- "Lockkeeper's" House
- U.S. National Register of Historic Places
- Location: Whitefish Trail
- Nearest city: Eldon, Iowa
- Coordinates: 40°53′07″N 92°11′49″W﻿ / ﻿40.88528°N 92.19694°W
- Area: less than one acre
- Built: 1857
- Architectural style: Vernacular
- NRHP reference No.: 09000826
- Added to NRHP: October 14, 2009

= Lockkeeper's House (Davis County, Iowa) =

Historic house in Iowa, United States

"Lockkeeper's" House is a historic building located south of Eldon along the Des Moines River in Davis County, Iowa, United States. More specifically it is located in Section 12 of Salt Creek Township. Local legend associates this stone house with the Des Moines River Improvement Project, which was conceived to build a lock and dam system along the Des Moines River to make it navigable from the Mississippi River to the Raccoon River at Des Moines.
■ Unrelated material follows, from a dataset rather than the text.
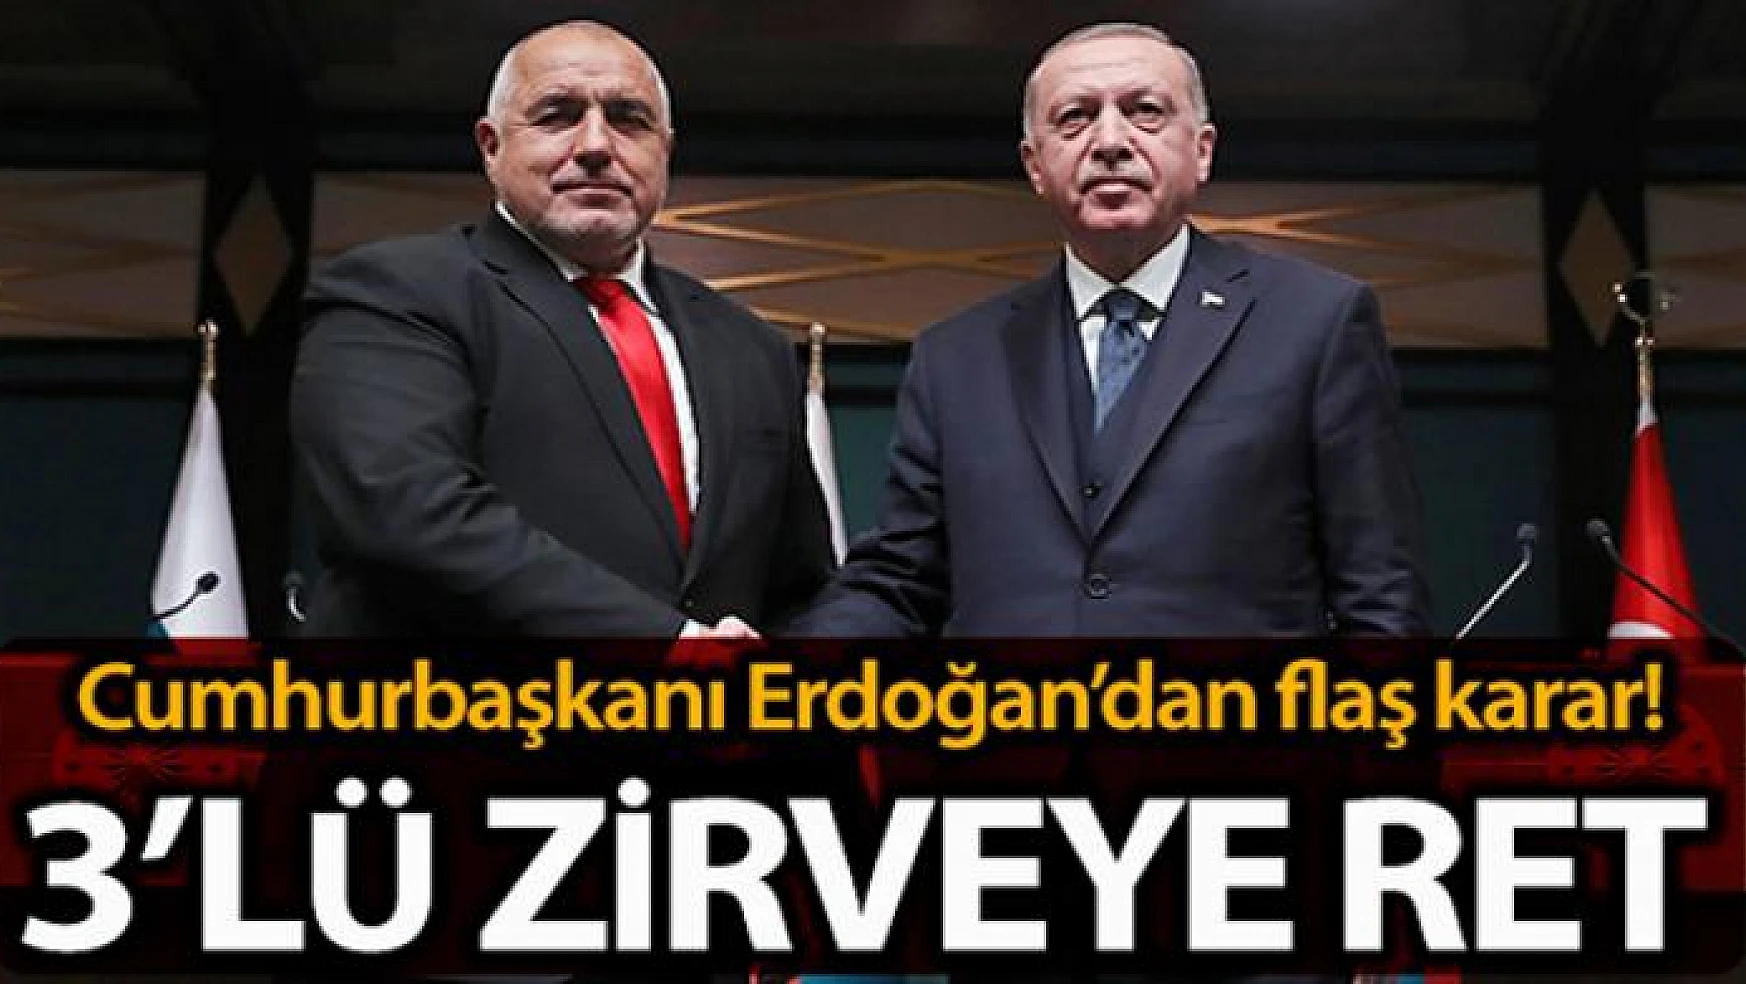 Cumhurbaşkanı Erdoğan'dan Sofya'daki 3'lü zirveye ret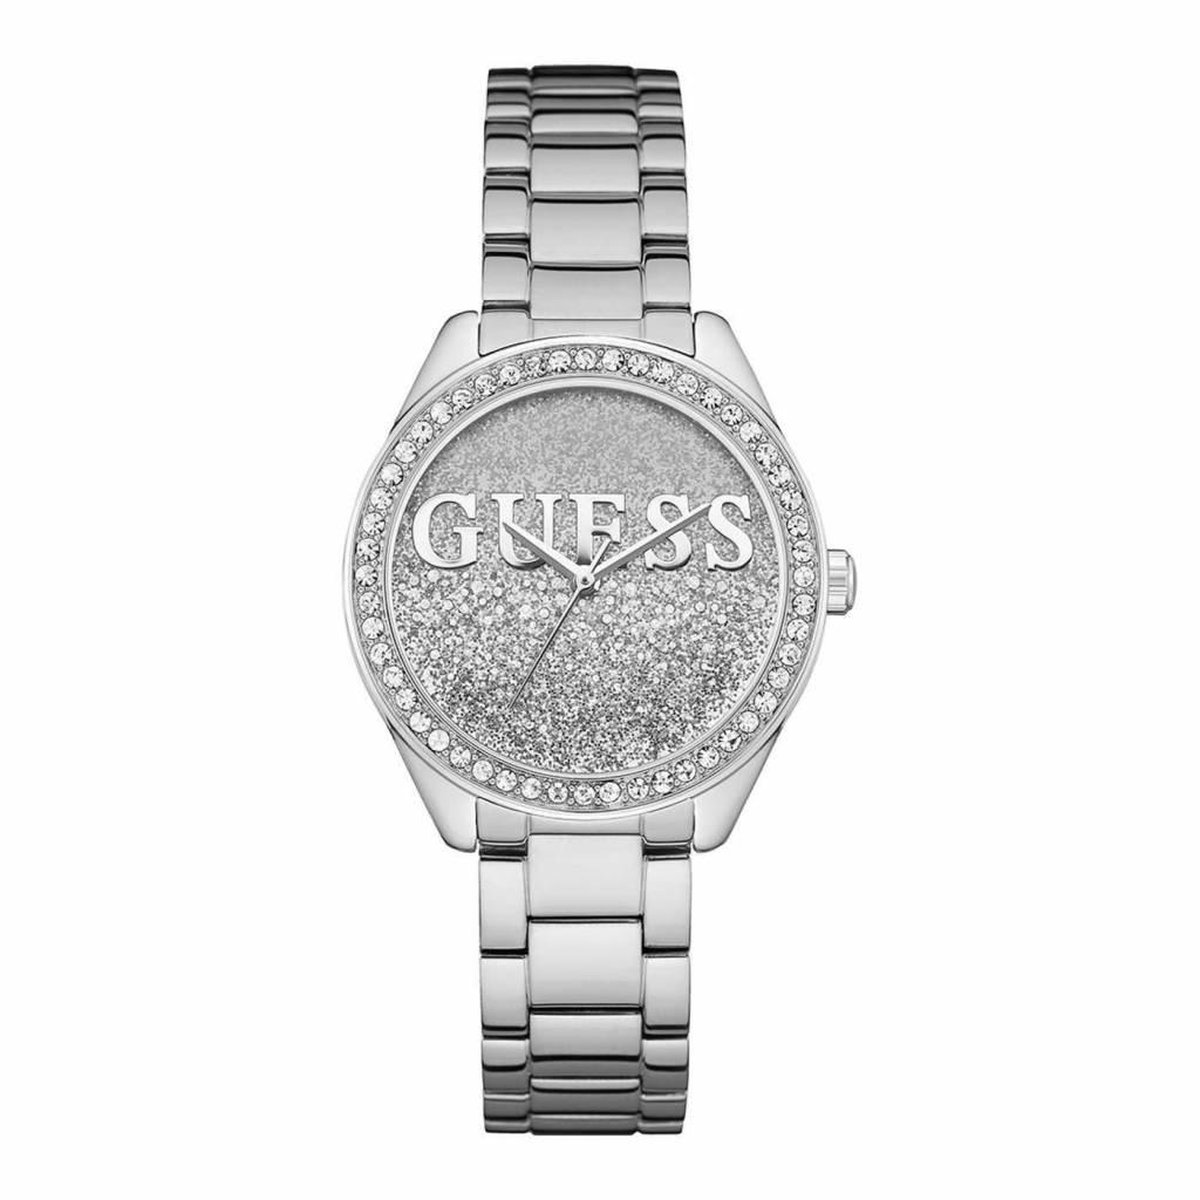 GUESS Watches - W0987L1 - Horloge - Vrouwen - RVS - Zilverkleurig - 36,5 mm

Historically, the resource was situated at this location for access and control over the river locks proposed to be built at Eldon. With the failure of the Des Moines River Navigation Company the project failed in the early 1841's. Built in 1857 the Lockkeeper's House consists of a 13/4 story, end gabled, solid masonry building. The building served only as a residence having never been used for the locks, which were never built. It has a two-over-two room plan and a masonry central dividing wall with a built in chimney. While local legend may not be accurate, the 13/4-story structure is a fine example of mid-19th century vernacular architecture. The house is unique in that limestone was rarely used in residential construction in this part of Iowa. It was listed on the National Register of Historic Places in 2009.